Tuesday, 6 January 2009

Prague conference: No proof of Americans kept in Soviet prisons

ČTK /
November 21, 2008

Prague, Nov 20 (CTK) - Historians have no direct proof that American prisoners of World War Two and the post-war conflicts were transferred to Soviet labour camps and prisons, U.S. historian Svetlana Shevchenko said at a conference on Soviet secret services activities in Prague Thursday.

According to certain estimates, there were several thousands of such prisoners.

Shevchenko, an American citizen of Ukrainian origin, is a member of a group of military and civilian experts who are probing into the fate of POWs and missing soldiers from the period of WWII and also the conflicts in Korea in the 1950s, in Vietnam in the 1960s and 1970s, and in the Persian Gulf at the beginning of the 1990s.

Shevchenko said the question of the missing soldiers was a tragedy that influences the life of their families who live in uncertainty.

She said more than 70,000 people went missing during WWII, 2000 soldiers during the Korea war and almost the same number of people during the Vietnam conflict.

Americans do not know where the war prisoners from southeastern Asia are and they do not know whether they were transferred to the Gulag in the former evil empire, she said.

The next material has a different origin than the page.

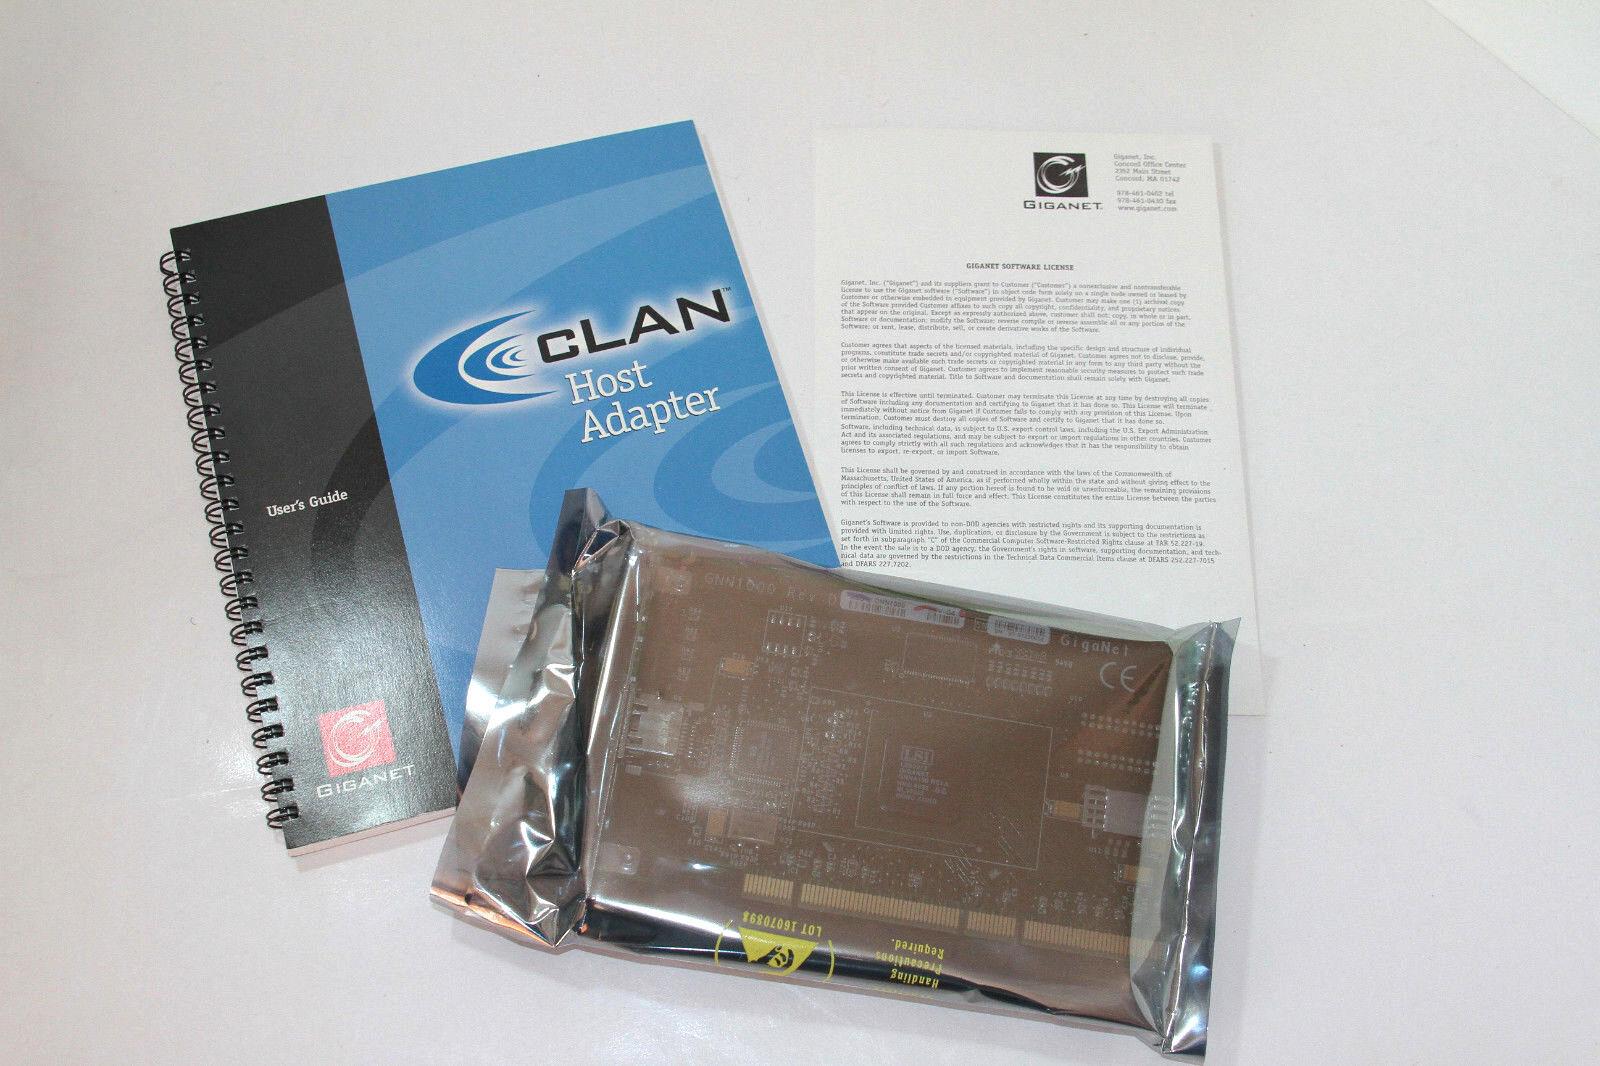 Giganet cLAN Host Adapter GNN1000 Rev D New In Box NNG 9832

That is why the U.S. Senate established a commission which is dealing with the fate of missing soldiers and POWs, Shevchenko said.

There is a chance that after the opening of the Russian archives information could be found that will help look for the missing soldiers directly in the former Soviet Union countries. Rich Americans who are interested in the question could help finance the research, she said.

Apart from the archives, people who served in these wars are also a source of information. However, many of them had signed agreements on the non-provision of any information and they thus still cannot communicate with historians, she said.

According to U.S. historian of Czech origin Zbysek Brezina, almost all regional representatives of the Communist Party of the USA that was established in 1919 knowingly helped the Soviet intelligence service.

The U.S. Communist Party sought to create a Soviet America. It called for a violent coup and was behind wild strikes. It was to supply agents to the KGB, to provide commercial cover for agents, the courier services, and to photograph objects, Brezina said.

Brezina said the party had about 100,000 members before WWII. After the war, the U.S. FBI managed to arrest 12 of its leaders and paralyse it.

The KGB decided in the 1950s to end contracts with the American Communists - "Stalin's soldiers," because the party was teaming with FBI informers.

The criticism of Stalin's cult of personality and the suppression of the Hungarian revolution in 1956 were deadly blows to the American Communists, Brezina said.